For many scene understanding tasks such as creating a room mockup for VR or automatically estimating how many people a room can accommodate, it is sufficient to estimate positions, orientations, and rough proportions of the objects rather than exact point-wise surface geometry. Given a single 2D photograph, the goal of this paper is to select and place instances of 3D models, particularly the partially occluded ones, to recover the photographed scene arrangement under the estimated camera.
With the easy access to large volumes of image and 3D model repositories, and the availability of powerful supervised learning methods, researchers have investigated multiple subproblems relevant to the above goal, such as object recognition [15], localization [32], pose prediction [37],
Figure 1: We present SEETHROUGH, a method to detect objects (specifically chairs) from single images under medium to heavy occlusion by reasoning with 3D scene-level context information.
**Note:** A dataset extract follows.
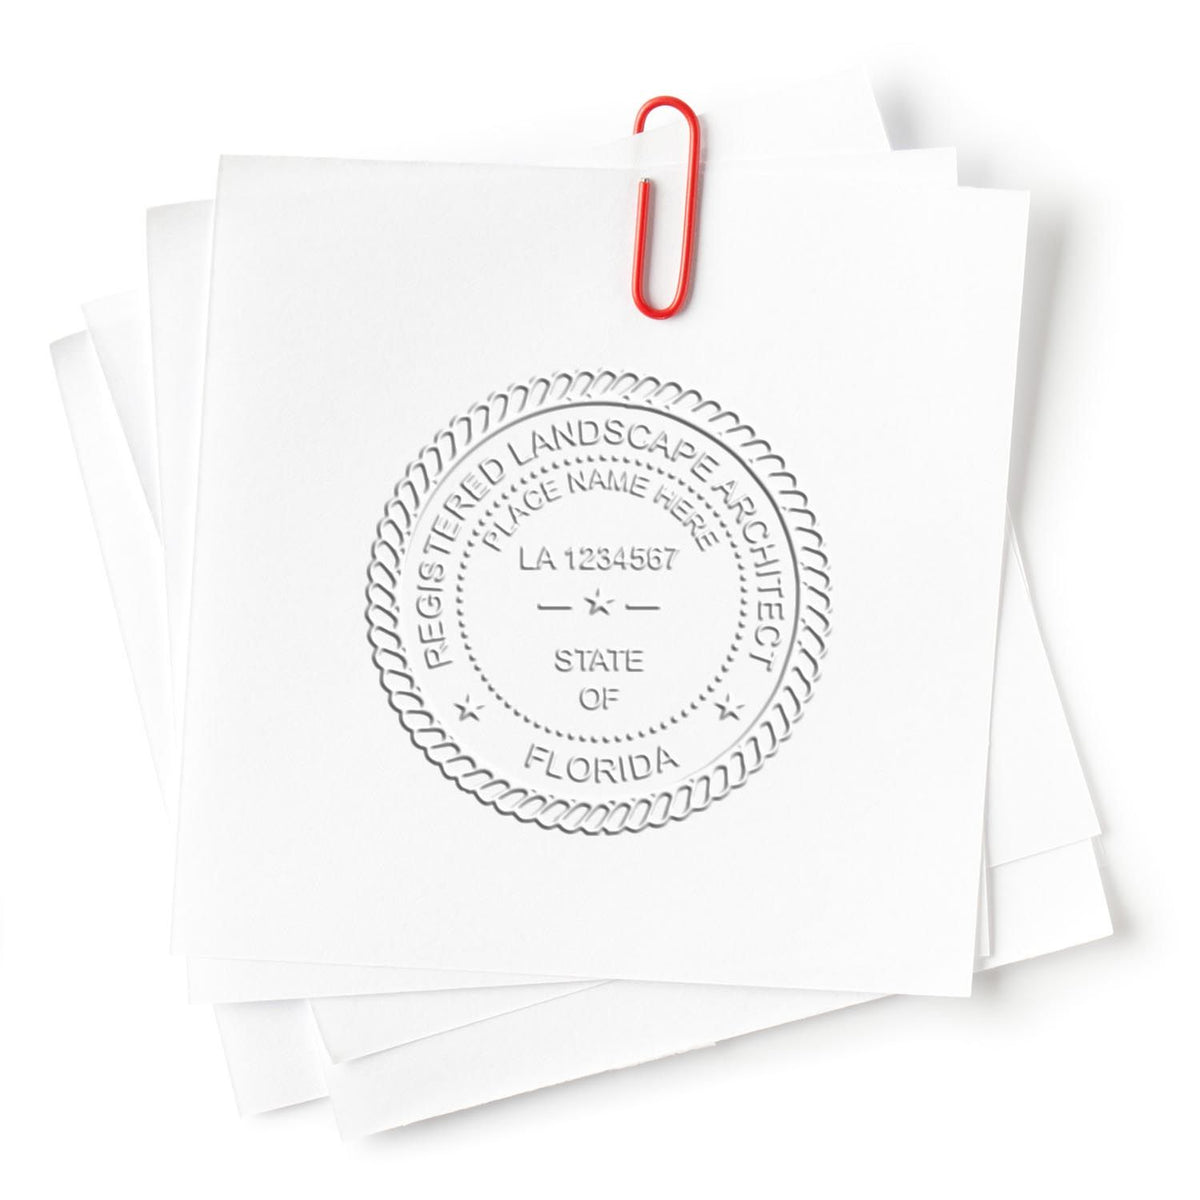 An alternative view of the Hybrid Florida Landscape Architect Seal stamped on a sheet of paper showing the image in use

Our method significantly improves detection rate over state-of-the-art alternatives.
or developed a complete system IM2CAD [22] that selects and positions 3D CAD models that are similar to the input imaged scenes. While these approaches work reliably in rooms with relatively low occlusion, under moderate to heavy occlusion the methods quickly deteriorate. A common source of failure is that under significant occlusion, state-of-the-art semantic segmentation or region detection methods begin to break down, and hence any system relying on them also fail (see Figure 1).
Unlike images with limited occlusion where direct image-space information is sufficient, occluded scenes require a different treatment. One possibility is to train an end-to-end network to go from single images to parameterized scene mockups. However, a major bottleneck is obtaining suitable training data. On the one hand, in our experiments the networks trained with synthetic 3D scene data do not easily translate to real-world data. On the other hand, obtaining real-world training data is difficult to scale as it requires complex annotations in 3D from single images. Instead, we propose a novel approach that heavily relies on 3D contextual statistics that can be automatically extracted from synthetic scene arrangement data.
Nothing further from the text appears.